In this embodiment, a second power supply circuit is added to the control module of the photomedical device, and the second power supply circuit is used for supplying power to the first lead-in electrode and the second lead-in electrode, and the second lead-in electrode 70 can be attached to the skin of the human body; for example, a circuit connected with the conductive part of the packaging layer is added on the FPC, and after the second power supply circuit is communicated with a power supply, the packaging layer and the skin form an electric field so that the medicine is migrated into the body; the medicine is absorbed by the skin more, so that the curative effect of phototreatment and medicine is more obvious. The second power supply circuit may be a separately provided circuit or may be a circuit integrated within the photomedical device control module.
Mode two: on the basis of the first embodiment, the photomedical apparatus alternately supplies power to the photomechanical layer and the electric field, that is, the first power supply circuit 91 and the second power supply circuit 92 alternately supply power. When both the first power supply circuit 91 and the second power supply circuit 92 are supplied with power by an integrated circuit integrated within a control chip of the photomedical apparatus, then switching of the first power supply circuit 91 and the second power supply circuit 92 can be achieved by setting a control program of the integrated circuit.
This approach is preferably applicable to the case shown in fig. 1 and 3, where the electric field for drug introduction crosses the various device layers of the OLED, and the operating circuit of the OLED and the electric field circuit for drug introduction are operated separately, so that the effect of the electric field for drug introduction on the operation of the OLED can be avoided.
Mode three: as shown in fig. 5 and 6, the first lead-in electrode is electrically connected to the positive electrode layer 20; i.e., the conductive portion of the encapsulation layer is connected to the positive electrode layer 20; the optical medical device alternately supplies power to the optical functional layer and the electric field through a control circuit; the switching of the control circuit can be realized by setting a control program of the integrated circuit, and the control circuit is the integrated circuit in the control chip. The control chip can be a single chip microcomputer or an ARM controller, for example.
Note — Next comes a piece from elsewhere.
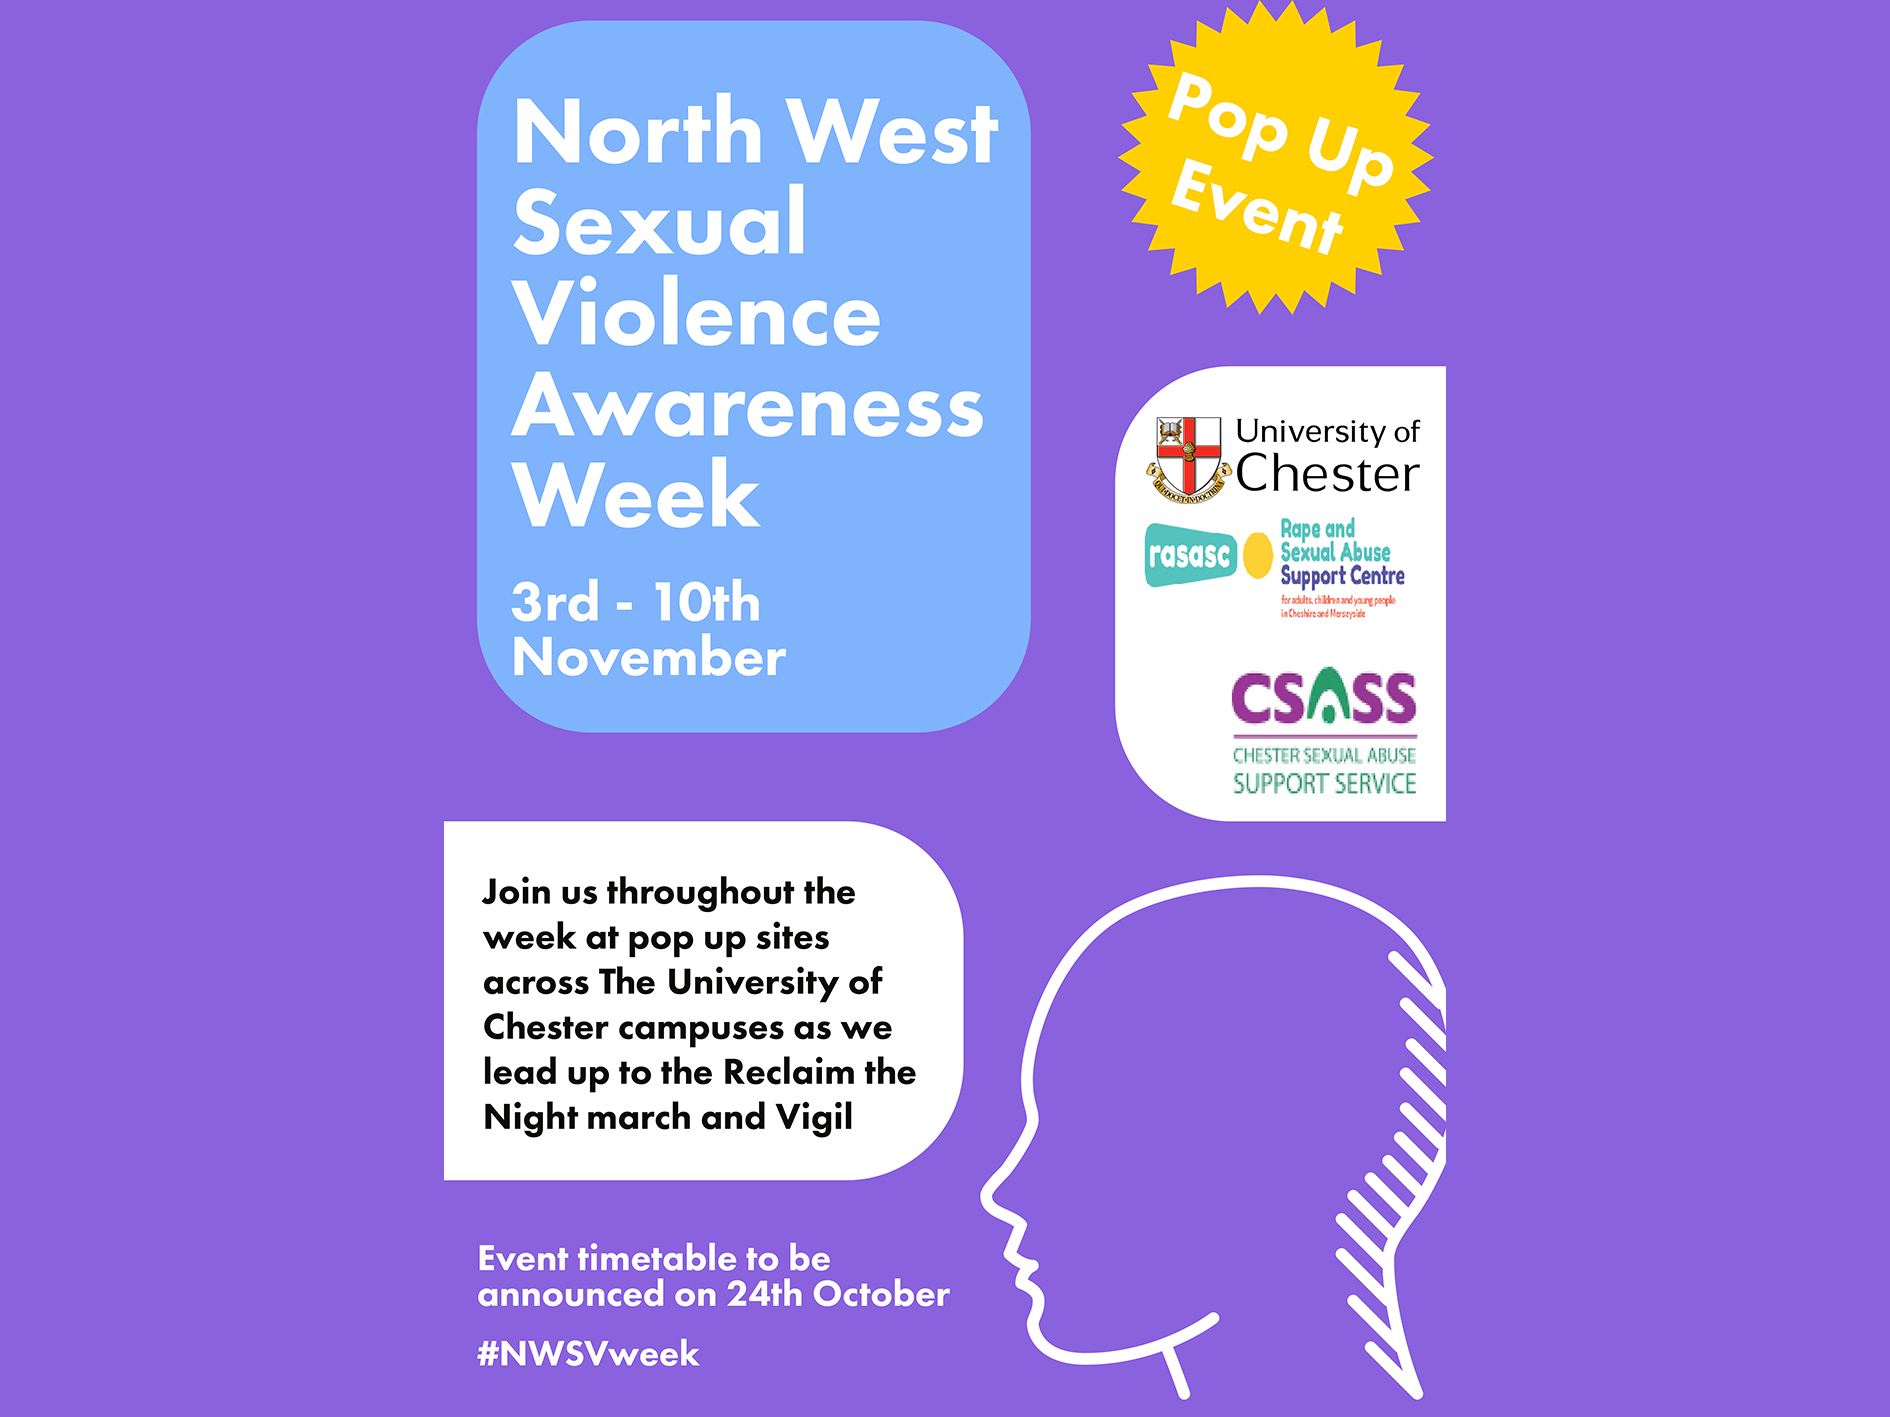 North West Sexual Violence Awareness Week

The power supply circuit of the photomedical device includes a first power supply terminal 93 and a second power supply terminal 94 having opposite electric polarities, the first power supply terminal 93 being electrically connected to the positive electrode layer 20, and the second power supply terminal 94 being alternately electrically connected to the second lead-in electrode 70 and the negative electrode layer 30. In the present embodiment, the switching of the connection state of the second power supply terminal 94 is achieved by the control circuit 95, and when the second power supply terminal 94 is connected to the second introduction electrode 70, a drug introduction electric field is formed between the positive electrode layer connected to the encapsulation layer and the human tissue 80; when the second power supply terminal 94 is electrically connected to the negative electrode layer 30, the photo-functional layer of the photo-medical device operates and emits light for photo-medical treatment. The mode not only realizes the power supply of the two functional circuits, but also realizes the switching work of the two functional circuits, and avoids the mutual influence.
When the light functional layer works, for example, the power supply current is 100mA, and the power supply current is 10mA when the medicine is introduced into an electric field to work; the control chip of the photo-medical device can realize the adjustment of the power supply current when different power supply circuits work.
Mode four: as shown in fig. 7 and 8, the first lead-in electrode is electrically connected to the negative electrode layer 30; i.e., the conductive portion of the encapsulation layer is connected to the negative electrode layer 30; the optical medical device alternately supplies power to the optical functional layer and the electric field through a control circuit; the power supply circuit of the photomedical device includes a first power supply terminal 93 and a second power supply terminal 94 having opposite electric polarities, the first power supply terminal 93 being electrically connected to the negative electrode layer 30, and the second power supply terminal 94 being alternately electrically connected to the second lead-in electrode 70 and the positive electrode layer 20.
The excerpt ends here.